A 92ª cerimônia de entrega dos prêmios da Academia acontece em meio a críticas pela falta de diversidade entre seus indicados.

"Celebramos todas as mulheres que dirigiram filmes fenomenais", disse a cantora Janelle Monáe ao abrir a noite.

"Estou muito orgulhosa de estar aqui como uma artista negra e queer, contando histórias. Feliz mês da história negra", continuou a atriz e cantora, que abriu sua apresentação com um número musical ao lado de Billy Porter, que incluiu os temas de "Um lindo dia na vizinhança" e "I'm Still Standing", de Elton John.

No primeiro prêmio da noite, Brad Pitt levou o Oscar de melhor ator coadjuvante por seu papel em "Era uma vez... em Hollywood", a ode à meca do cinema de Quentin Tarantino.

"É tempo de dar um pouco de amor a nossos coordenadores e equipes de dublês", disse o ator de 56 anos ao receber o prêmio, em alusão ao seu papel de dublê no filme.

Laura Dern levou o prêmio de melhor atriz coadjuvante pelo papel de uma advogada especializada em divórcios em "História de um casamento".

Dern, que arrasou nesta temporada de prêmios de Hollywood, desbancou Kathy Bates ("O caso de Richard Jewell"), Scarlett Johansson ("Jojo Rabbit"), Florence Pugh ("Adoráveis mulheres") e Margot Robbie ("O escândalo").

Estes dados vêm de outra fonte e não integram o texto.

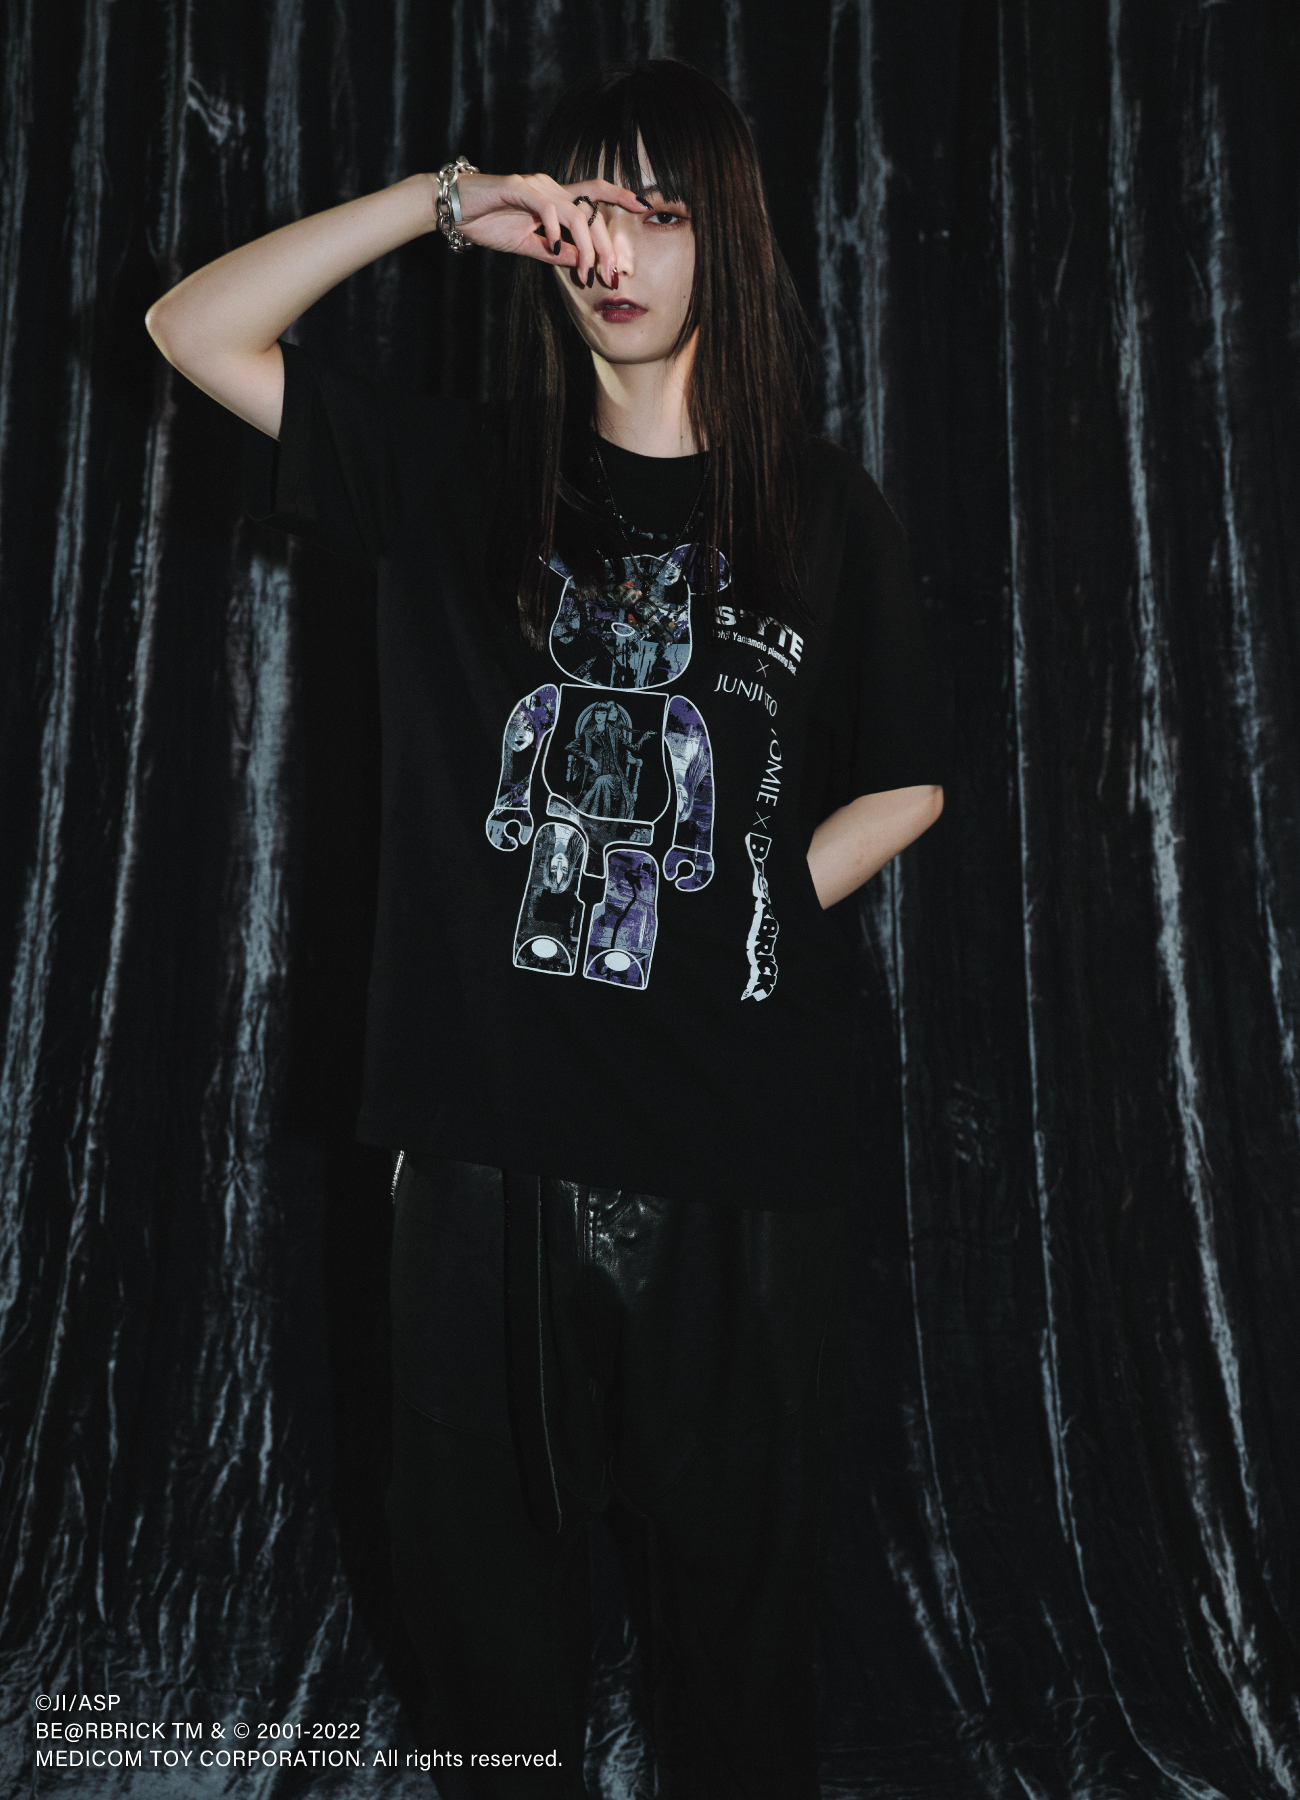 【9/1 12:00発売】BE@RBRICK × Junji ITO "Tomie" Masterpiece Collection Cover T-shirt

Renée Zellweger ("Judy") e Joaquin Phoenix ("Coringa") são apontados como favoritos nas categorias de melhor atriz e ator, segundo a tendência da temporada de premiações.

"1917", o filme de Sam Mendes ambientado na I Guerra Mundial, deve levar o Oscar de melhor filme, embora "Parasita", aclamada produção sul-coreana de Bong Joon-ho, possa surpreender.

"Os grandes prêmios se definem entre 'Parasita' e '1917'", disse à AFP o editor sênior de cinema da revista Variety, Marc Malkin, destacando que o complexo sistema de votação poderia acabar fazendo a balança inclinar para o filme asiático.

"Com qualquer outro filme, as pessoas dizem, 'Gostei, mas...', com 'Parasita' é 'Adorei, ponto'", continuou o especialista, acrescentando que "o entusiasmo e a alegria de Bong são completamente contagiosos".

Bong levou o primeiro dos seis Oscar a que seu filme foi indicado, o de roteiro original.

"Escrever roteiros é um processo muito solitário, a gente nunca escreve para representar seus países, mas este é muito pessoal para a Coreia do Sul", afirmou.

- Diversidade na berlinda -

Mais uma vez o Oscar não tem anfitrião, embora Steve Martin e Chris Rock tenham feito as honras com o primeiro monólogo humorístico, brincando com Jeff Bezos e o ganhador do Oscar no ano passado, Mahershala Ali.

"Tem dois Oscars, sabe o que isto significa quando a Polícia te prende? Nada", provocou Rock, mais uma vez em alusão ao problema da diversidade que assombra esta edição.

"O Oscar mudou nos últimos 92 anos... Em 1929 não havia atores negros indicados", alfinetou Martin. "Em 2020 temos um", ironizou Rock.

É verdade. Cynthia Erivo ("Harriet") foi a única atriz não branca indicada nas categorias de interpretação.

Antonio Banderas, que chegou a ser considerado pela imprensa americana um "ator de cor", é indicado a melhor ator por "Dor e Glória", de Pedro Almodóvar, que disputa o Oscar de melhor filme estrangeiro, ambos com poucas chances.

"Conseguir uma indicação atuando em espanhol, trabalhando com meu amigo Pedro, não poderia estar mais feliz", disse Banderas no tapete vermelho. "Ter sido dirigido por meu próprio personagem é incrível", afirmou em alusão ao seu papel, baseado na vida do cineasta espanhol.

A sátira nazista "Jojo Rabbit", de Taika Waititi, levou a estatueta de melhor roteiro adaptado e "Toy Story 4", o de melhor animação.

A 92ª cerimônia do Oscar presta tributo a Kirk Douglas, o último grande ícono da era dourada de Hollywood, falecido na quarta-feira aos 103 anos, e à lenda do basquete e também premiado com o Oscar Kobe Bryant, morto em um acidente de helicóptero em 26 de janeiro.